3.1 Analysis of institutional effects

I use pooled weighted least squares and fixed-effects regressions to analyze institutional effects on integration. The model can be written as

$$\label{eq5} I_{ct} = \alpha_0 + \mathbf{\alpha_1 E_{ct}} + \mathbf{\alpha_2 Y_{ct}} + \mathbf{\alpha_3 C_{ct}} + v_c + u_{ct}, $$
(5)

where c and t index countries and time. The dependent variable I ct is the standardized unexplained test score gap of immigrants and second-generation immigrants, respectively. The vector E ct represents educational institutions, Y ct denotes the income situation of the country, and C ct is a vector of control variables. The error term is split up into a part that is constant within each country v c and an idiosyncratic part u ct .

A consistent estimation of α 1 requires that E ct and the error terms are uncorrelated. A country-fixed-effects model is a perfect way to eliminate the country-specific error term v c , which, among other things, includes the time invariant unobserved ability composition of the immigrant population. This unobserved ability composition may be correlated, for example, with the segregation of migrants among schools or enrollment in pre-primary education. In a country-fixed effects model, the identifying assumption is reduced to the condition that foreign students observed in 1994 should not differ from those in 2003 in their unobserved characteristics within each country.

The country-fixed-effects model uses the variation within countries only, capturing a time component and a sampling component. Thus, next to changes over a time span of about 10 years, an additional source of variation is available. The dependent variable and most of the institutional variables are extracted from PISA and TIMSS data, as will be explained in the next section. While, in PISA, 15–16-year-old students are sampled, in TIMSS, grade-8 students are assessed. There is additional variation due to the fact that TIMSS and PISA students face different environments in their schooling systems. The students for which integration is calculated at a given year are confronted with a set of environmental characteristics and exactly this set is related to their levels of integration.

A variance decomposition in between and within components shows that, out of the eight institutional variables, the within variance is above 20% for six and above 30% for two variables.
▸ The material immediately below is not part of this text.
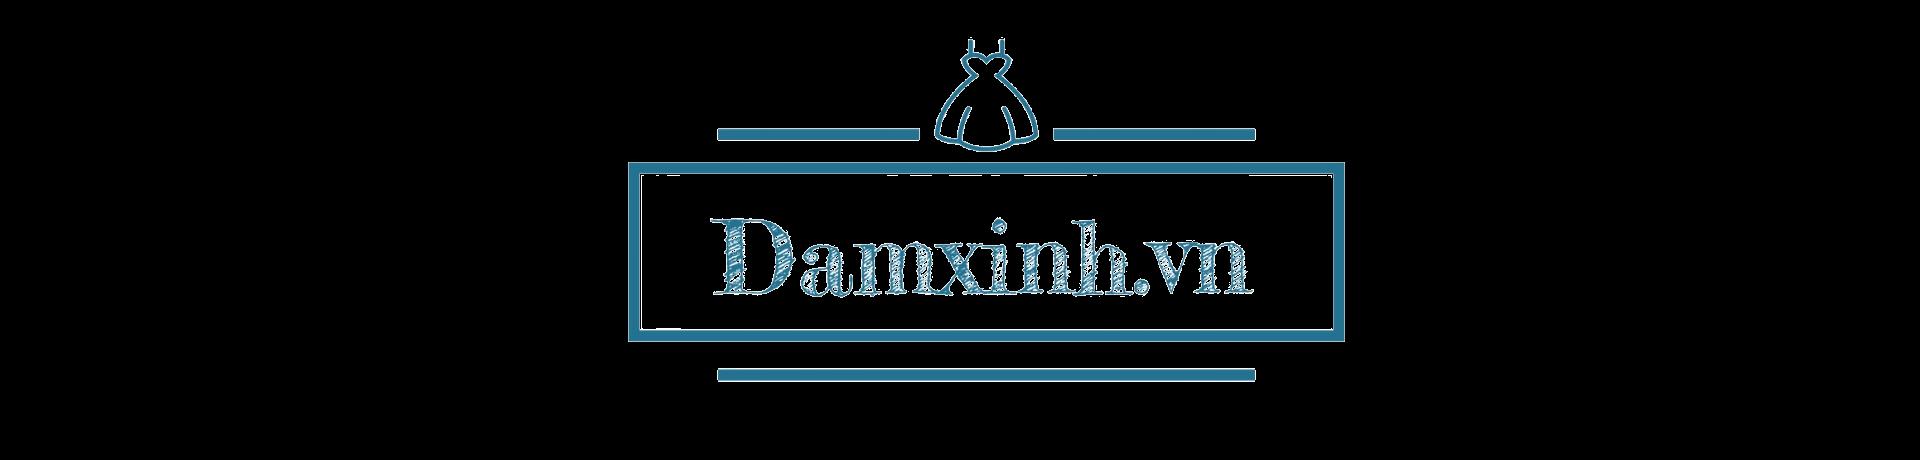 Damxinh.vn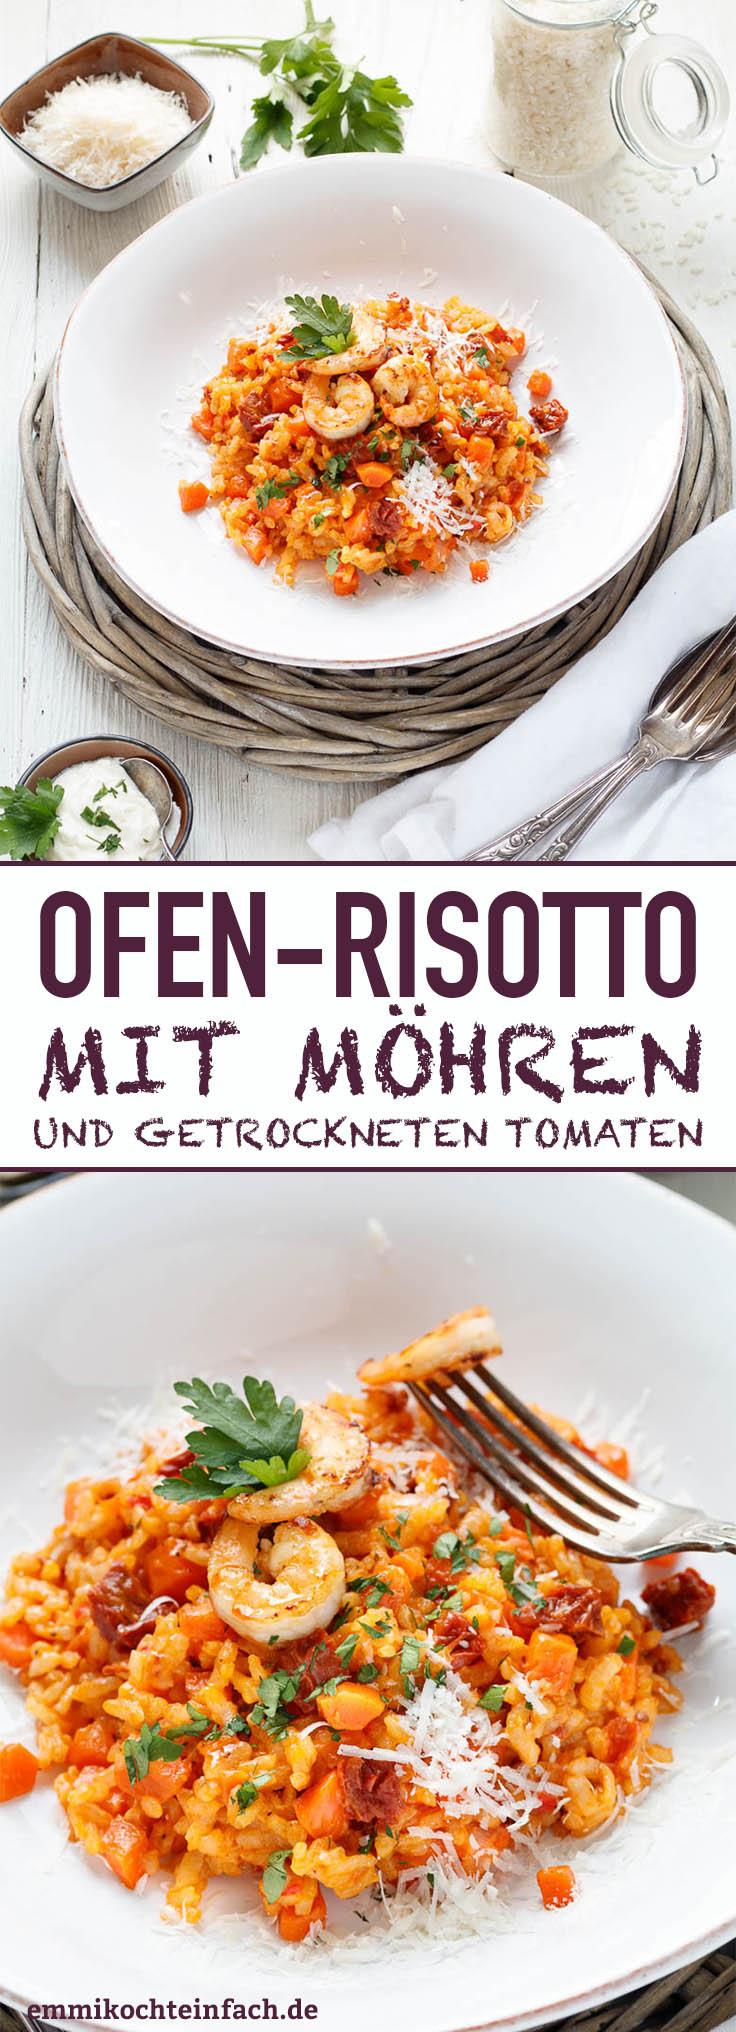 Ofenrisotto mit Möhren und getrockneten Tomaten - www.emmikochteinfach.de

The dependent variables show a within variance component of above 40%. Thus, the within variation should be sufficient to estimate a fixed-effects model.

Potential problems of a country-fixed-effects model are that the coefficients of variables that do not change over time cannot be estimated. Furthermore, differencing out country effects may increase attenuation biases because of measurement errors. Measurement errors might arise in this study from an imprecise measurement of integration, the fact that it is calculated from different student assessment studies and the aggregation of institutional characteristics to the country level. Due to these reasons, three methods are used to estimate the model: pooled weighted least squares, a model with country-group dummies as listed in Table 1, and a country-fixed-effects model.

Equation 5 explicitly includes Y ct , the level of income, as well as income inequality in the host country. The income situation should capture the general availability of resources, as well as the potential selectivity of migrants according to the Roy model. C ct includes the mean national test score as an overall quality measure of the education system, a dummy for second-generation immigrants, wave dummies, country-group dummies, or country dummies, respectively, and country-group-wave dummies in the country-group, as well as the country-fixed-effects models.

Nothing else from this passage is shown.